Directions for this task:
Retype the data exactly, skipping any picture in it.

Source material:
--

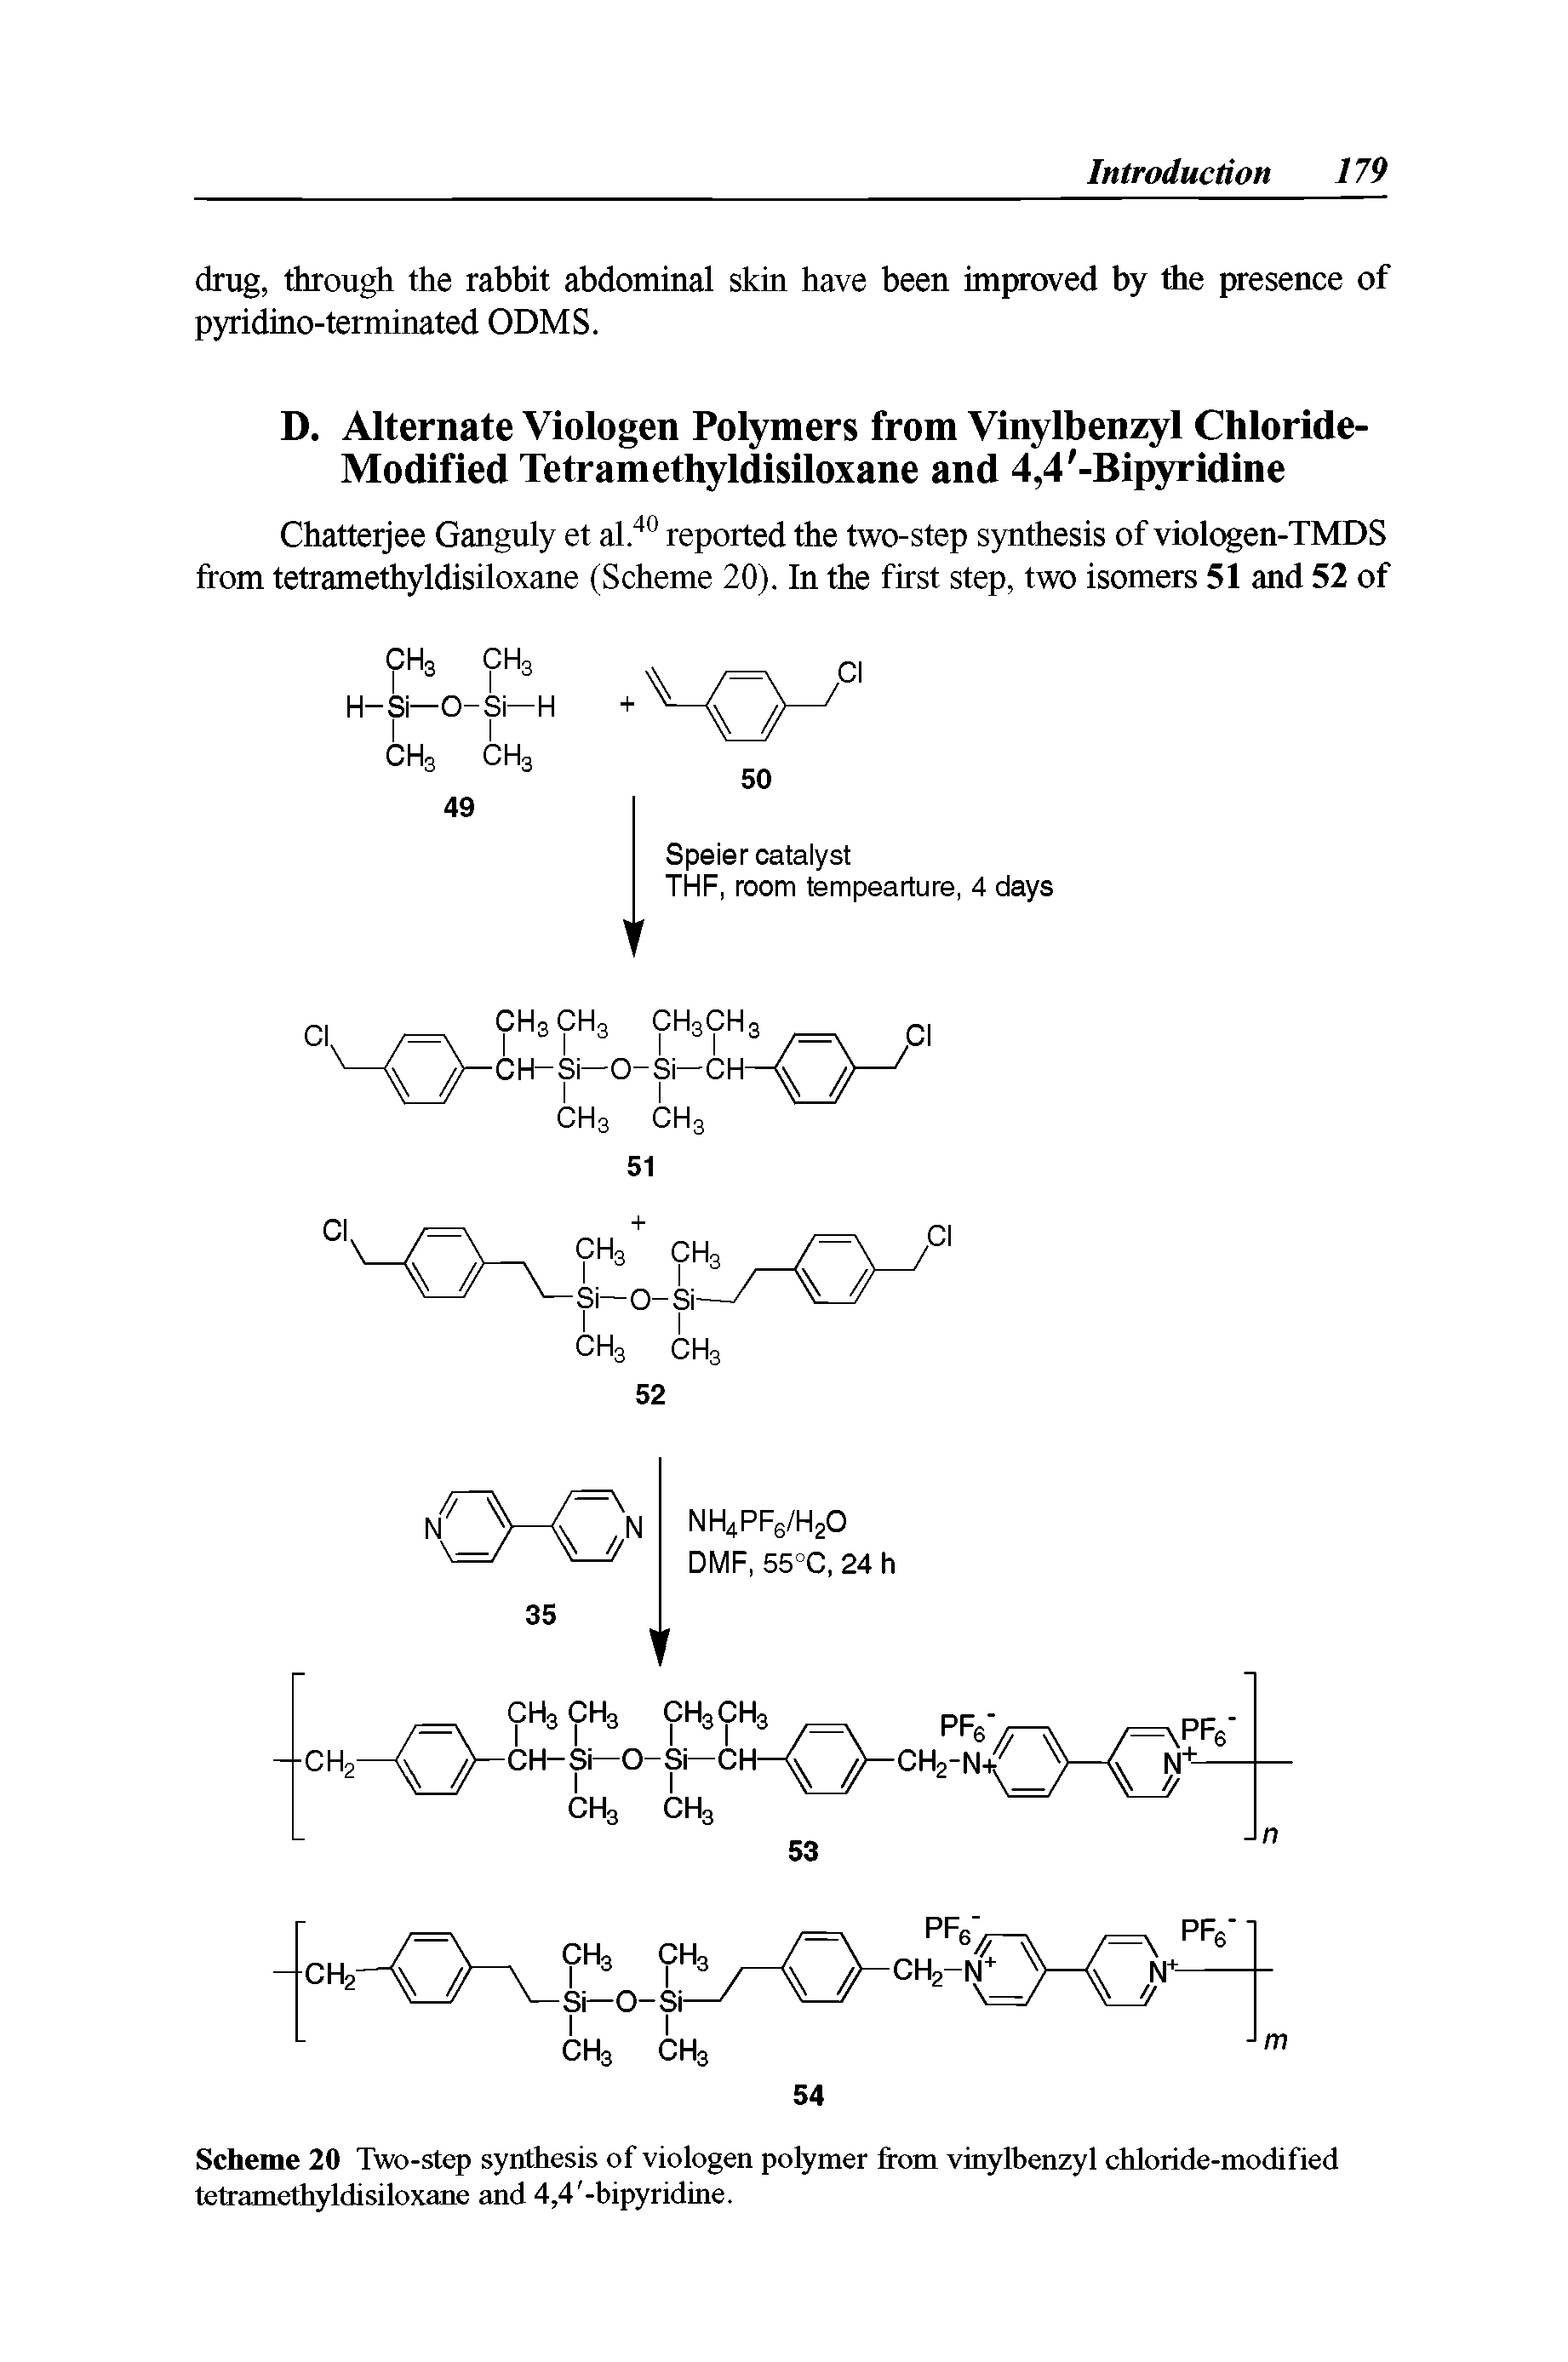 Scheme 20 Two-step synthesis of viologen polymer from vinylbenzyl chloride-modified tetramethyldisiloxane and 4,4 -bipyridine.
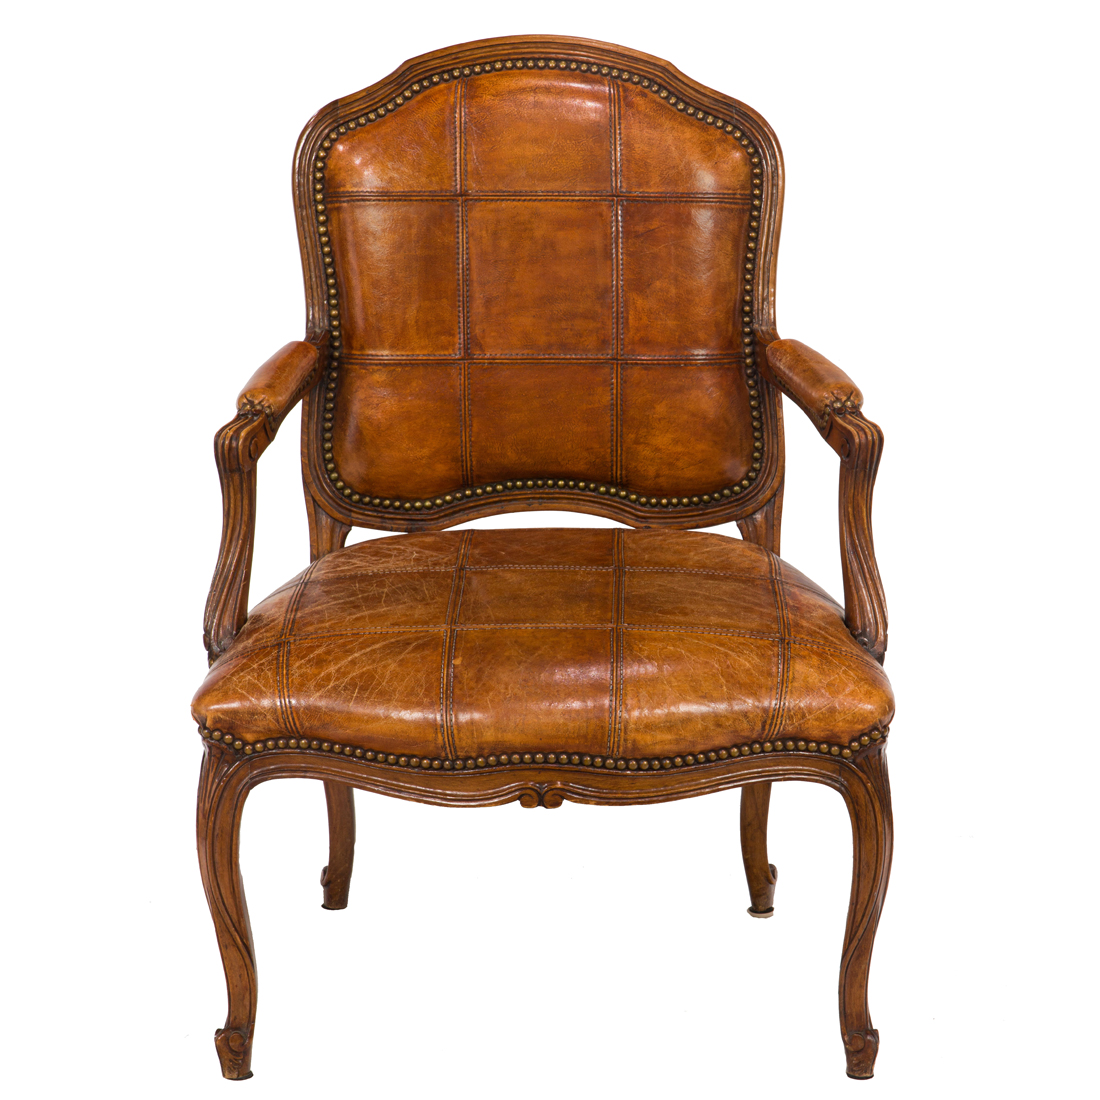 A FRENCH ROCOCO STYLE FAUTEUIL 3a16b4
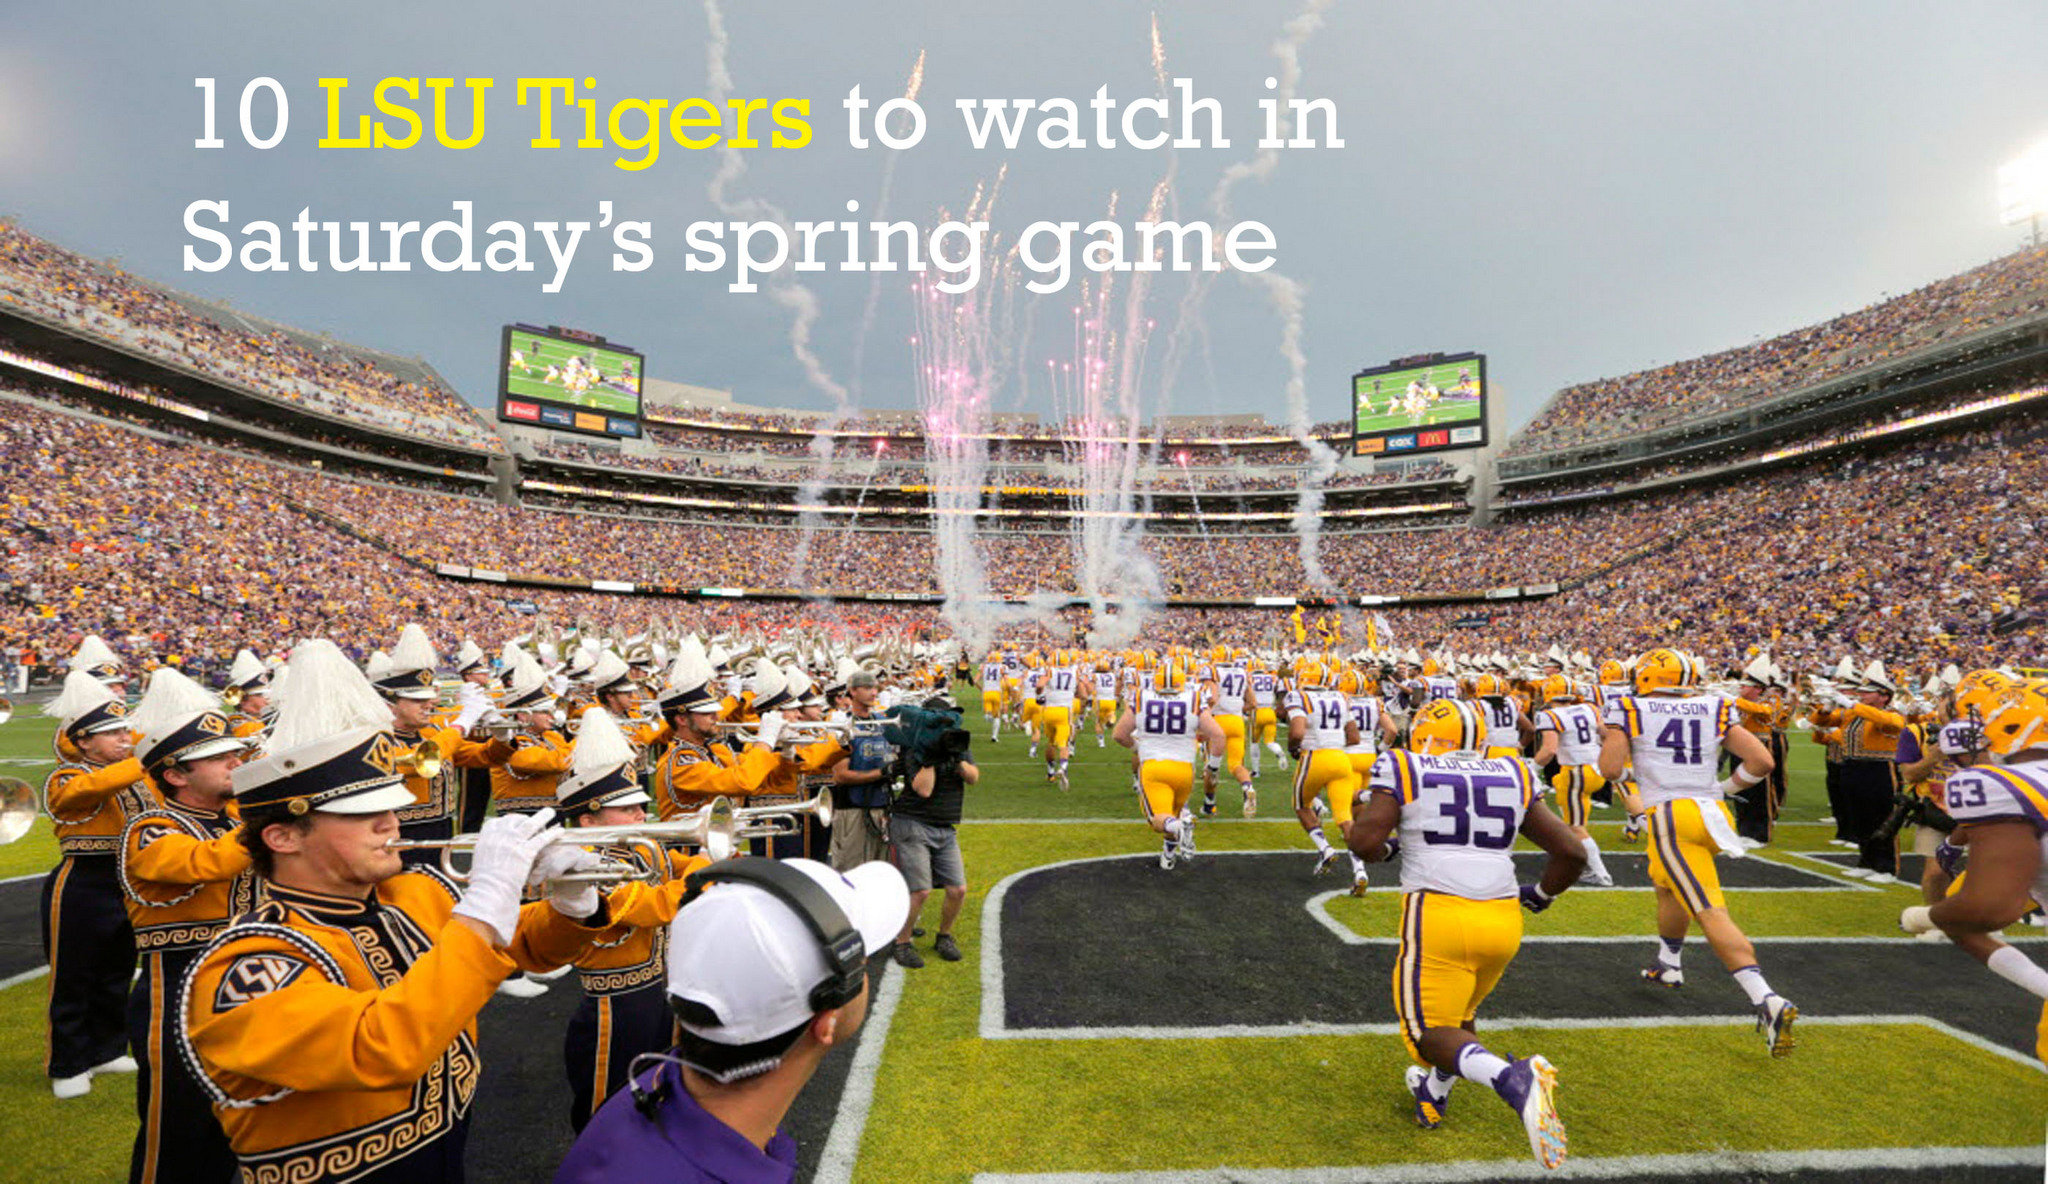 Lsu Tigers To Watch In Saturday S Spring Football Game Nola

--

Exercise output:
 Scheme 20 Two-step synthesis of viologen polymer from vinylbenzyl chloride-modified tetramethyldisiloxane and 4,4 -bipyridine.
 A FRENCH ROCOCO STYLE FAUTEUIL 3a16b4
 Lsu Tigers To Watch In Saturday S Spring Football Game Nola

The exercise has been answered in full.